GAO to FEMA: Make Sure Grants Programs Do Not Overlap

The Government Accountability Office last month warned FEMA, the Department of Homeland Security’s Federal Emergency Management Agency, that four of its grants programs may be providing money to the same recipients or for the same efforts. But GAO can’t tell, because reports from grantees are not comparable. GAO has asked FEMA to improve its data collection processes, coordinate reviews across programs, and tighten its outcomes reporting.

As the Federal watchdog, GAO will likely evaluate grants programs at other agencies as well. Government agencies should be prepared to show that they know what support their grants recipients receive from other programs, and that where possible, decisions are made across programs rather than in decision silos.

The GAO report on FEMA looked at four programs, the State Homeland Security Program, Urban Areas Security Initiative, Port Security Grant Program, and Transit Security Grant Program. Each is designed “to enhance the capacity of state and local first responders to prevent, respond to, and recover from a terrorism incident” with training, planning, equipment, and exercises, according to the GAO. But the information FEMA requires from its grants recipients is not detailed enough to “identify any potential unnecessary duplication within and across the four grant programs,” GAO says.

Part of the problem is that the programs “share the same goals,” operate in the same geographic areas, and fund similar projects, so overlap is a risk.

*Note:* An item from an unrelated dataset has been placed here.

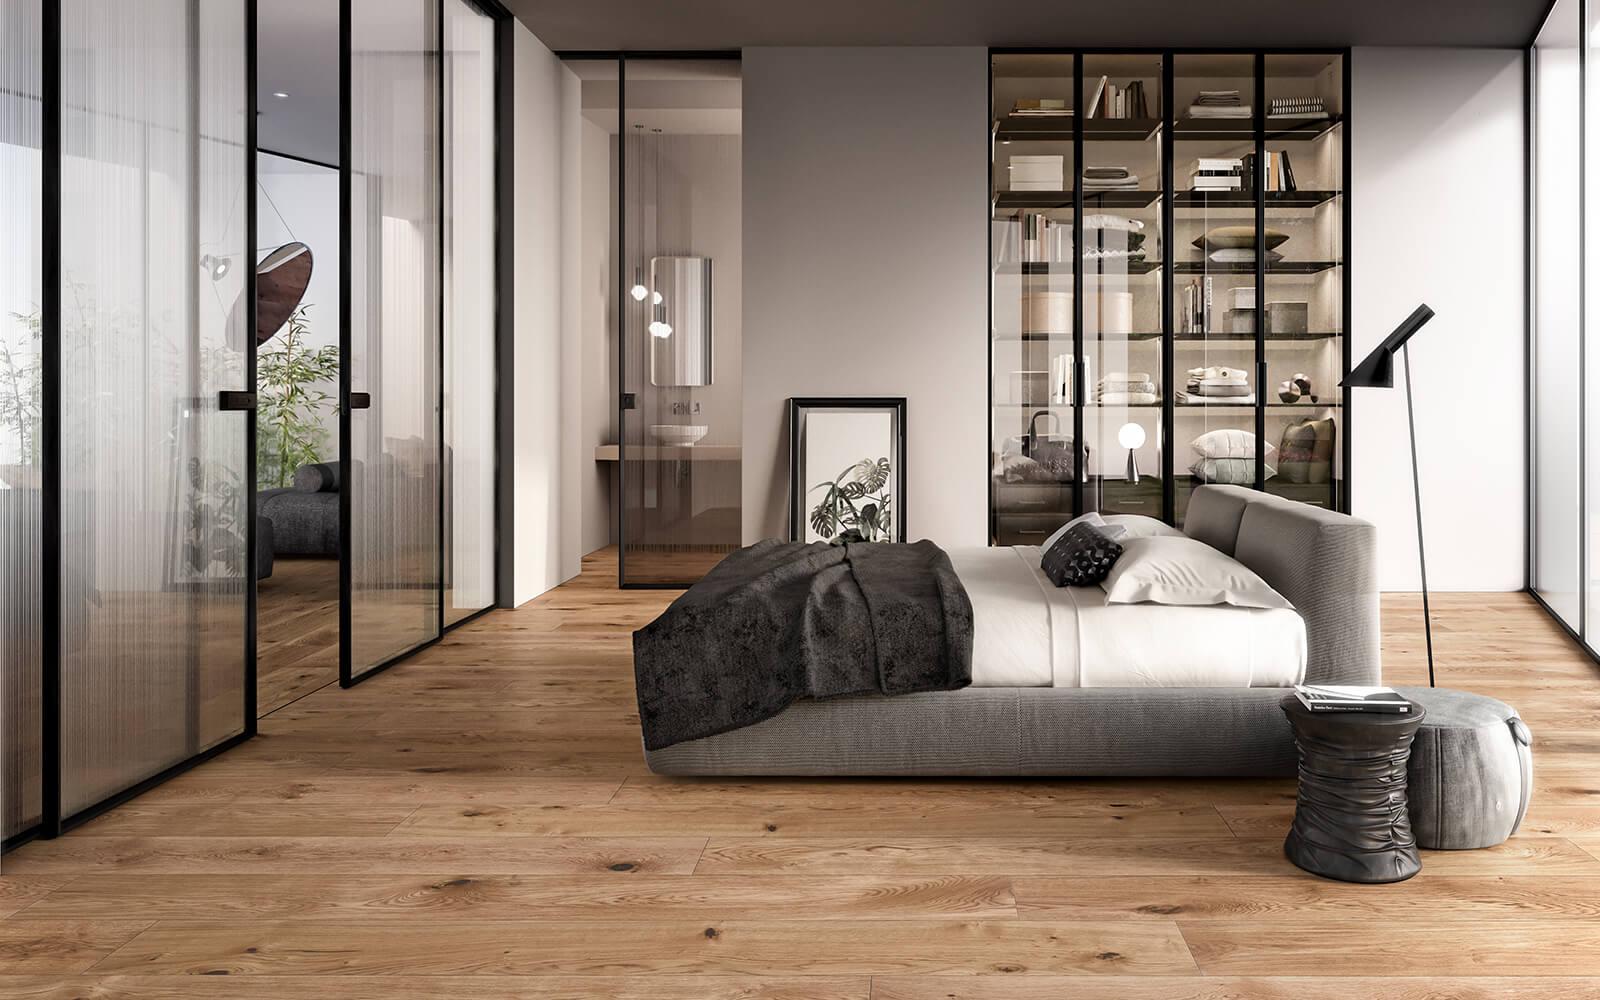 Camera da letto rovere seta garofoli - Garofoli
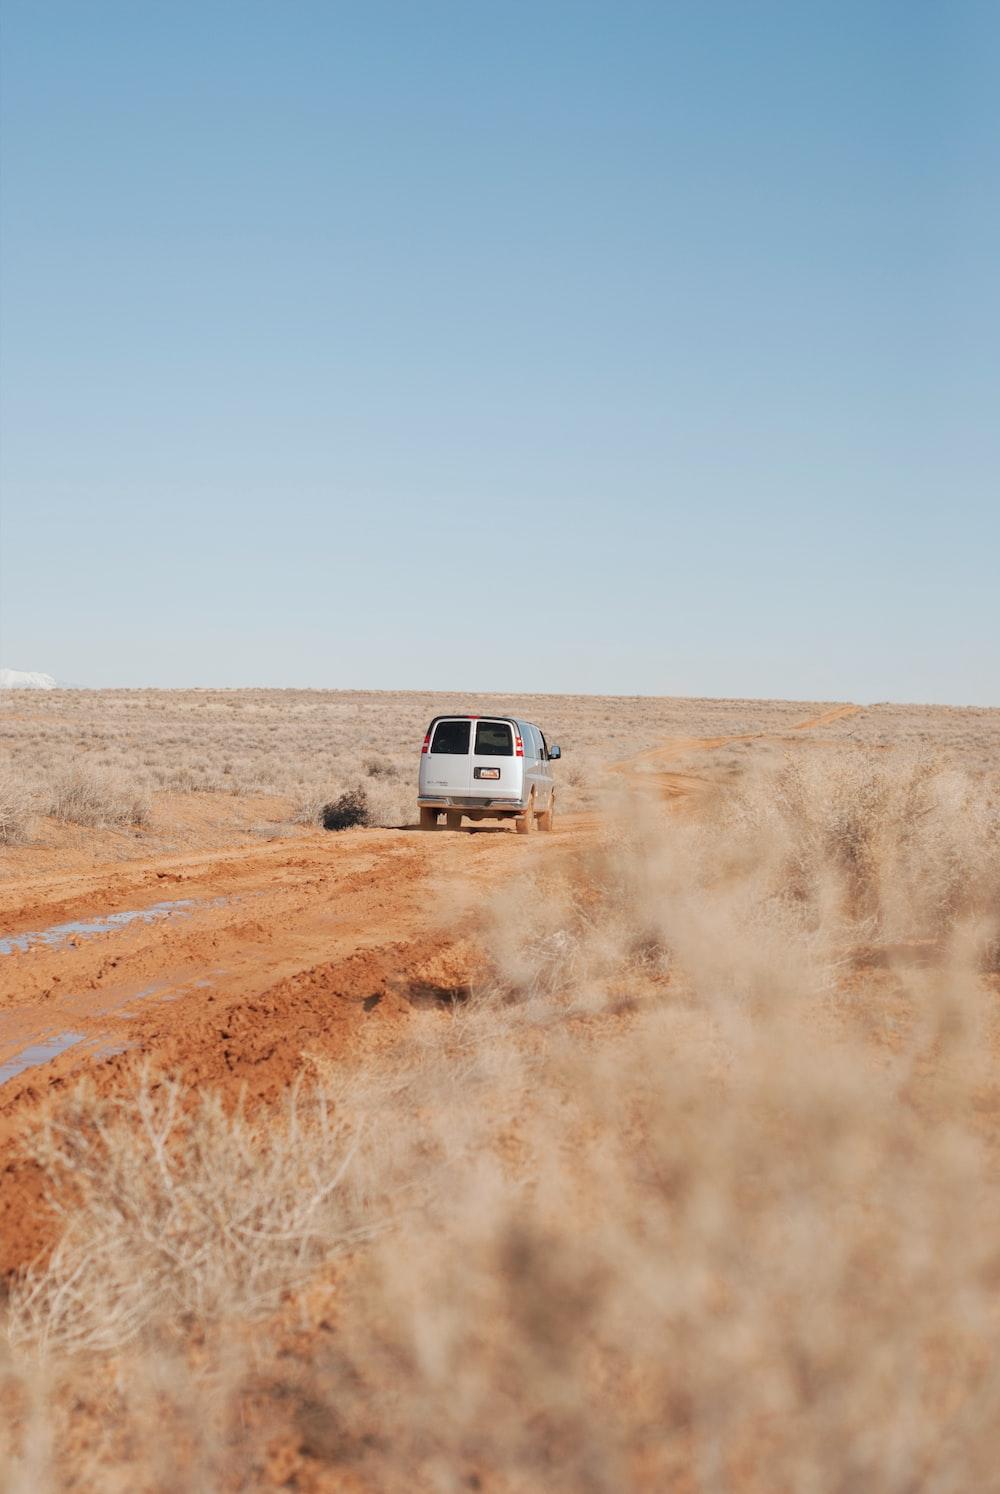 silver van on road

Moreover, “DHS’s award process for some programs bases decisions on high-level, rather than specific, project information.”

GAO admitted that it could find no instances of overlap, but the risk is high, the investigators said. They recommended collecting more detailed information, and even coordinating reviews across programs to ensure that taxpayer dollars are not concentrated on a few recipients. FEMA administrators agreed with the findings.